This sounds good, much better than mine!

Offline roland
« Reply #6 - Posted 2014-06-24 12:25:44 »

Thanks for your comments Smiley

Maybe I am getting confused, but there is only one shortest path for the images you have provided. Do you want instead to have multiple semi-optimal paths?
Yeah exactly.

Hey, interesting problem!

I thought something like this:



A1...B4 are waypoints. First, place waypoints like showing in the picture. Calculate the first path from Start to A1, A2 or A3. From there, calculate a path to B1, B2, B3 or B4, and from there to the End.

You can place waypoints manually or code a simple loop.

Hope this helps.  Smiley
I like this idea - I didn't think of that. Although I'd have to figure out how to place the waypoints on my maps, which are quite more complex than this - I need a solution for any possible map made and this might be difficult.

Here's an idea:

Rather than passable/impassable for your tiles, have a 'cost' associated with moving through them. Impassable are +infinity, and initially all passable tiles start with cost 0. Then:

1. Find the most optimal path considering the costs with regular A*
2. Store that path as a possible path
3. For every tile that the path touches, increase the cost of traversing that tile.
4. Repeat until you have 'enough' paths.

This effectively means that every path after than the first, it's 'harder' to take the same route as an existing path. Note that you don't set the tiles to impassable, as you still want the tiles to be used if there's no other option (like the tile immediately right of your green start square).

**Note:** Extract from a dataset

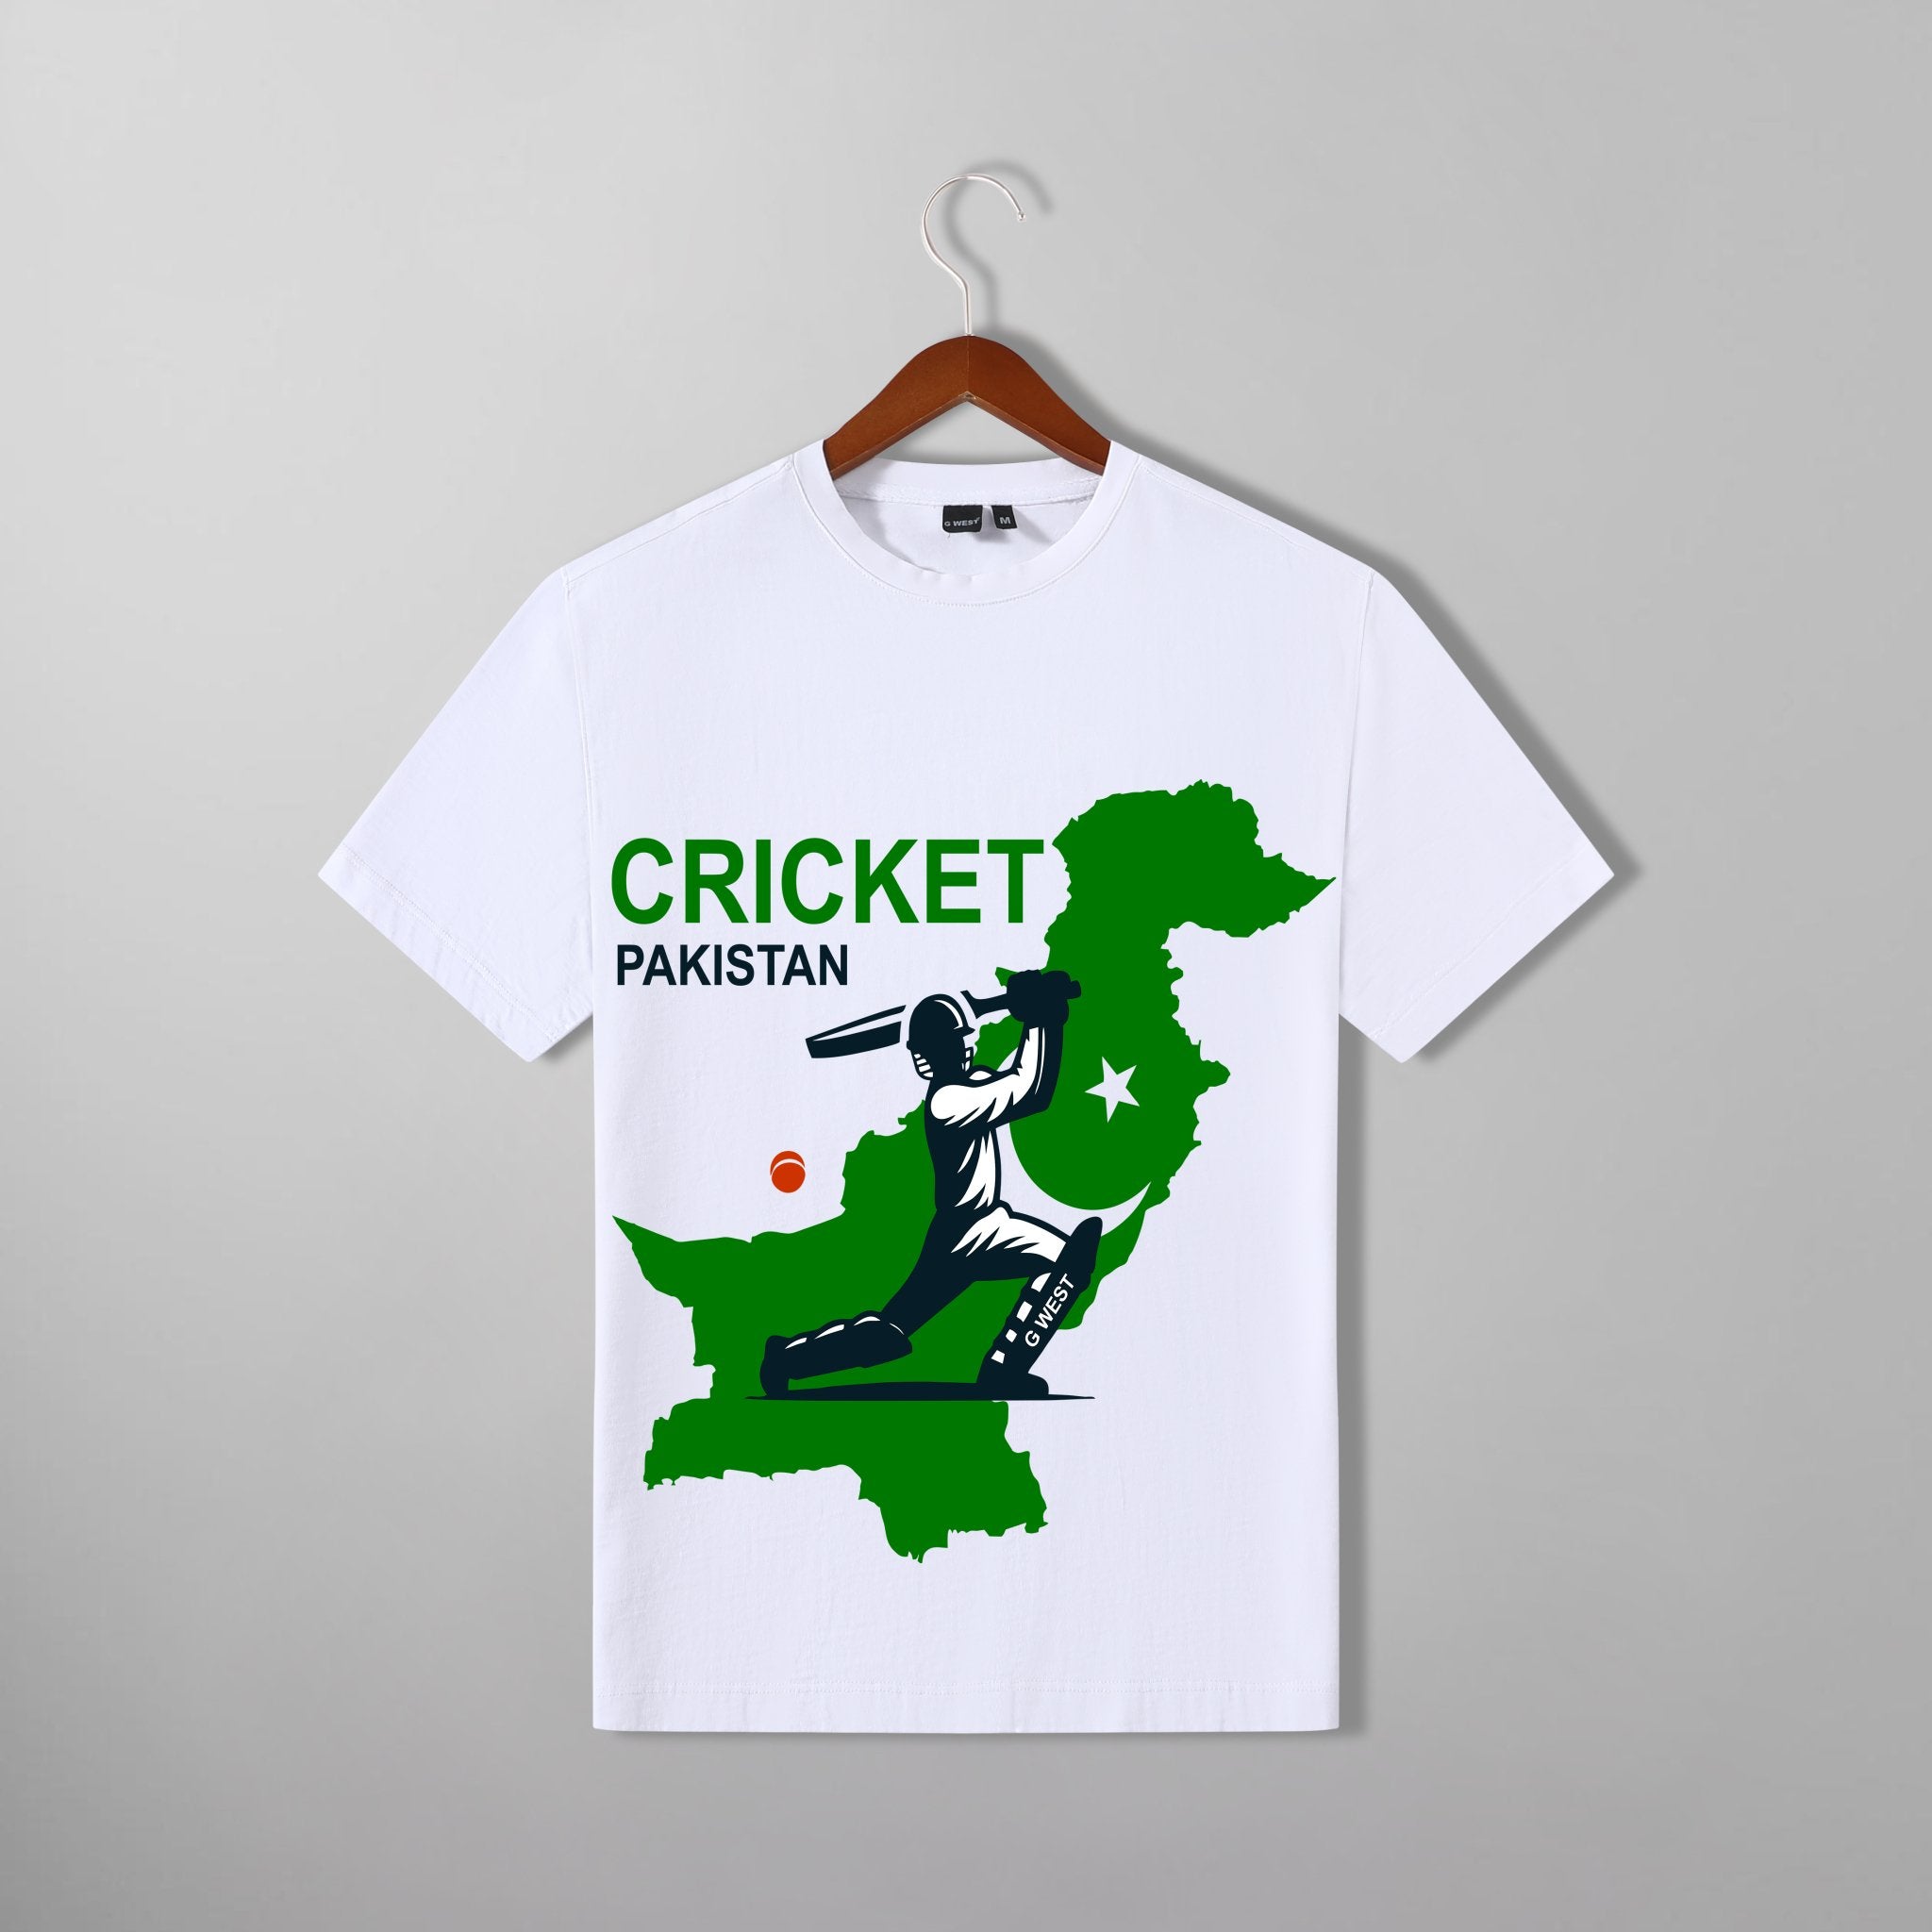 G West Cricket Pakistan T-Shirt : GWDTFL2407 - 2 COLORS - G West

Cool. I think I'll try this. Some routes are much "taller" than 1 tile as in my example map so I'll have to make the cost increase for the neighbours around the node as well - but only neighbours that are accessable by the node (can raycast between them without hitting any blocks)
Thanks Smiley




Offline pjt33
« Reply #7 - Posted 2014-06-24 14:45:36 »

I like Orangy Tang's idea a lot, but I'm going to throw a second idea into the ring, in case you're keen enough to try testing various ideas and see how effective they are. In short: meet in the middle.

This idea takes a parameter E (for excess) which indicates how much worse than optimal you're willing to accept. First find the optimal path length, L. Then, reusing the data structures you've already built up, extend into a breadth-first search of all nodes reachable from your start point in no more than EL/2 and with heuristic estimate no worse than EL/2. Now do a similar BFS from the end point. The intersection of the reachable points gives you paths of length no more than EL, and for each node in the intersection the path you get is the optimal path through that node.

The main downsides are that the two BFS will expand quite a lot more nodes than the original A*, and that you need to deduplicate. However, you'll probably need to do that with Orangy Tang's answer too unless you have a good heuristic for how much penalty to apply to each existing path, so without careful analysis or profiling it's hard to say which is faster.
Offline roland
« Reply #8 - Posted 2014-07-01 17:13:09 »

I took Orangy Tang's solution - I need to improve the heuristic a bit but it will work well. I will probably search for 4-5 paths and choose one at random, only 4-5x slower than always choosing the fastest path, which I can deal with.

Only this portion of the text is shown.